Kerry Knuppe is a Native American (Oglala Lakota) actress, playwright, and screenwriter from the Pine Ridge Indian Reservation in South Dakota. In film, Knuppe is known for her roles in The Old Way, The Blind, R.I.P.D. 2: Rise of the Damned, On Sacred Ground, All Those Small Things, and Skills like This. In television, Knuppe is known for her roles in The Pitt, Criminal Minds: Evolution, Pachinko, Ratched, Hollywood, and Harley Quinn.
== Career ==

=== Theatre ===
Knuppe has written Morning View Drive, Family Plot, The Decision, and Ellie as a playwright.

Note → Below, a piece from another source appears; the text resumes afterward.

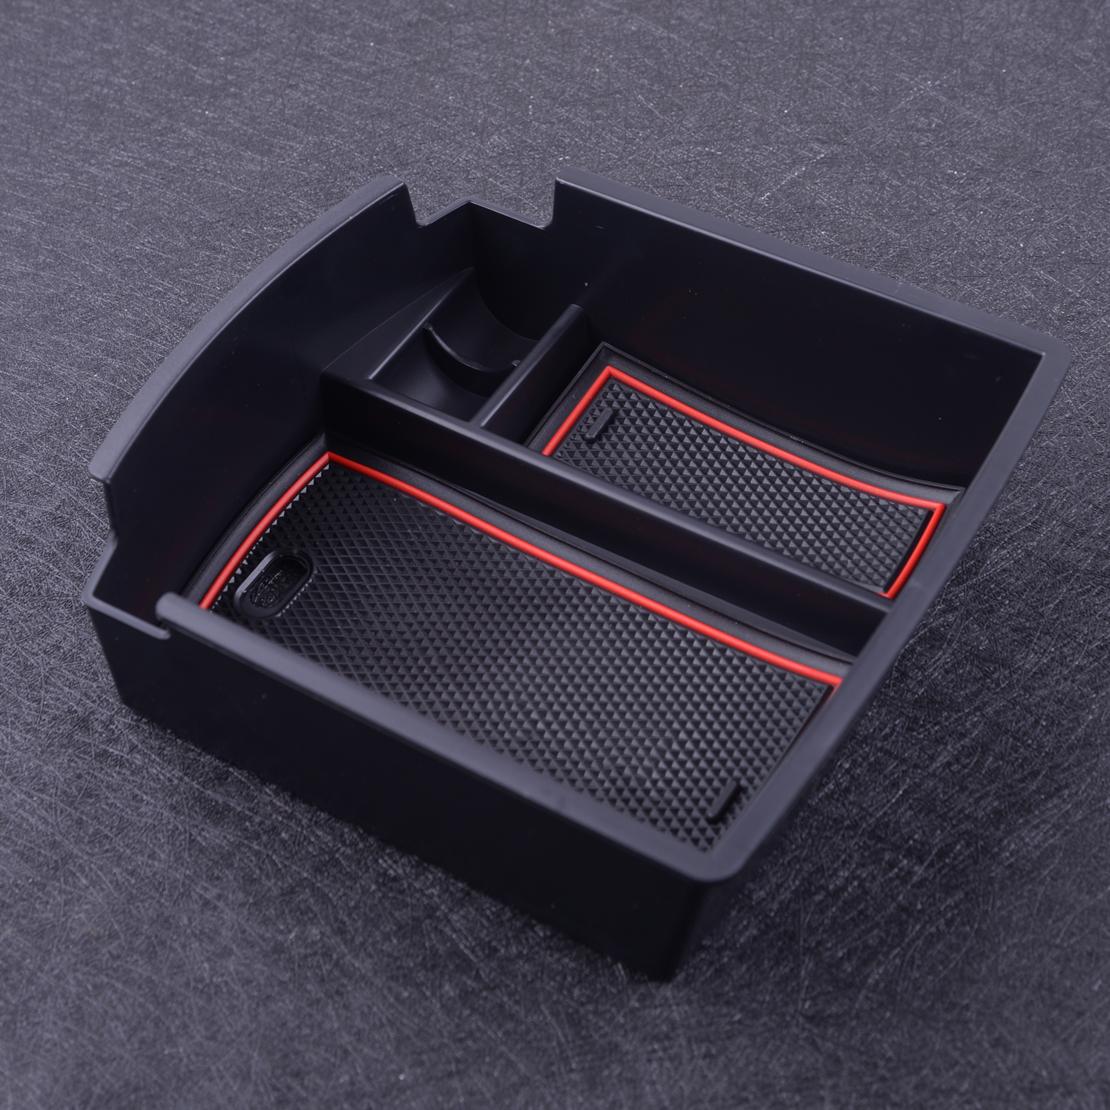 Black Car Storage Box Assesories,Auto Center Console Organizer Tray Armrest Container Fit for Hyundai Elantra 17-18

Knuppe's performances include portraying 'The Woman' in Arthur Miller's Death of a Salesman with Rob Morrow at The Ruskin Group Theatre and portraying 'Laura Wingfield' in Tennessee Williams' The Glass Menagerie at the Greenway Court Theatre. Knuppe is an Actors Studio lifetime member and continues to study at the Actors Studio West in Los Angeles. Knuppe was also selected for the Playwrights Lab at the Actors Studio West where she continues to develop her plays.

=== Film ===
Knuppe portrayed Ruth Briggs in the 2023 western The Old Way with Nicolas Cage and Ryan Kiera Armstrong. Knuppe portrays 'Hano' in R.I.P.D. 2: Rise of the Damned with Jeffrey Donovan. Knuppe won the Outstanding Performance by an Actress in a Leading Role award at the 2022 Red Nation Film Festival for her performance in On Sacred Ground.

=== Television ===
Knuppe portrays Doris Mayfair in Ryan Murphy's Ratched and Sally in Murphy's Hollywood. Knuppe also portrays 'Hillary Edwards' in The Pitt, 'Mrs. Holmes' in Pachinko, 'Ramona Havener' in Criminal Minds: Evolution, and voices 'Terra' in the animated series Harley Quinn.